Income needed for repayments has declined over the last decade

The proportion of income home loan borrowers have to set aside for repayments has declined over the last decade, according to new figures released last Friday by the Australian Bureau of Statistics (ABS).

“In 2005-06, owners with a mortgage paid 19 per cent of their total household income on housing costs. By 2015-16 this had fallen to 16 per cent,” said Dean Adams, Director of Household Characteristics and Social Reporting. “This is likely driven by lower interest rates coupled with growth in household incomes over the last decade.”

The average mortgaged household now spends less of its income on housing than it does on food, a major turnaround from earlier surveys. (Housing costs include mortgage repayments, as well as water and rate payments.)

Adjusted for inflation, the average mortgaged household paid $434 per week in 2015-16, which hasn’t changed that much from 2005-06. Over the same period, the average income of mortgaged households grew from $2,272 per week to $2,759.

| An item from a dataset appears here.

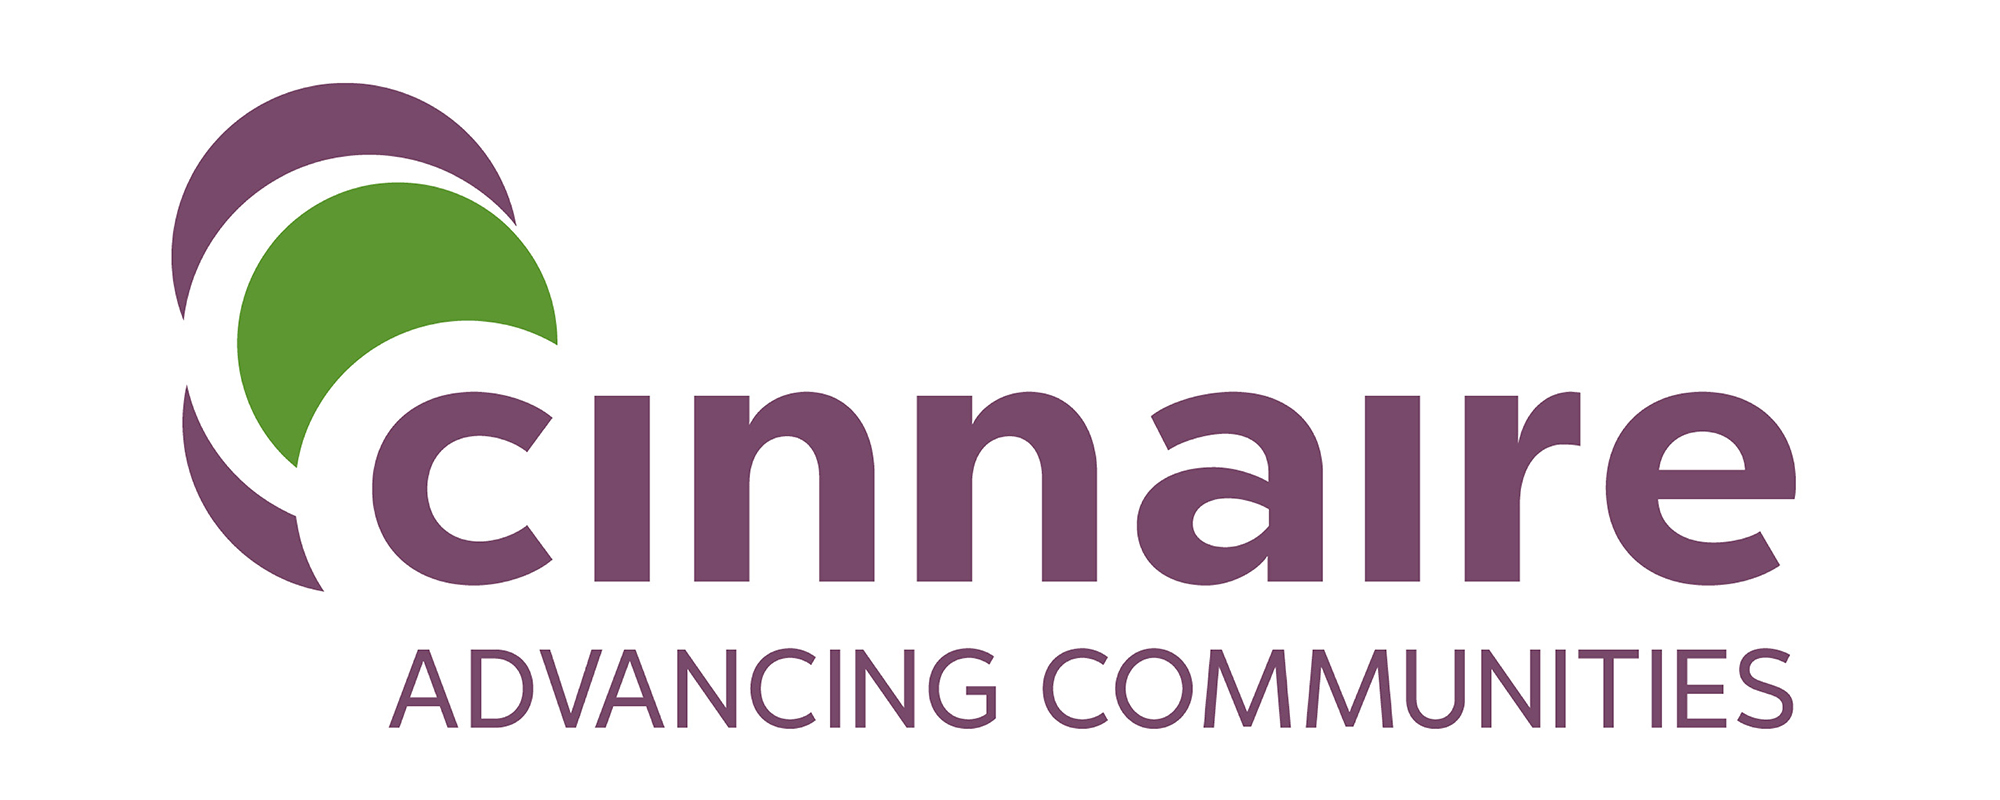 cinnaire-logo copy.jpg

According to Adams, mortgage and property values have increased over the last decade. Ten years ago, the real median dwelling value was $449,000. This has since climbed to $520,000.

The burden imposed on mortgaged households might actually be lower than the survey suggested. “Our survey measures what they chose to pay in mortgage costs, not what they had to pay. As rates have come down, some will have spent more than they need to in order to get ahead on their loans,” Adams said.  

Canberra is the easiest city to shoulder a mortgage in, with monthly payments of 15% of income. Darwin is the most expensive, with monthly payments of 18%. Both Sydney and Hobart have monthly payments of 17%, while Melbourne, Brisbane, Adelaide, and Perth have monthly payments of 16%.

The latest data makes it clear that low-income households were feeling greater mortgage stress. The poorest households are now spending 28% of their income on housing, compared to 23% a decade ago.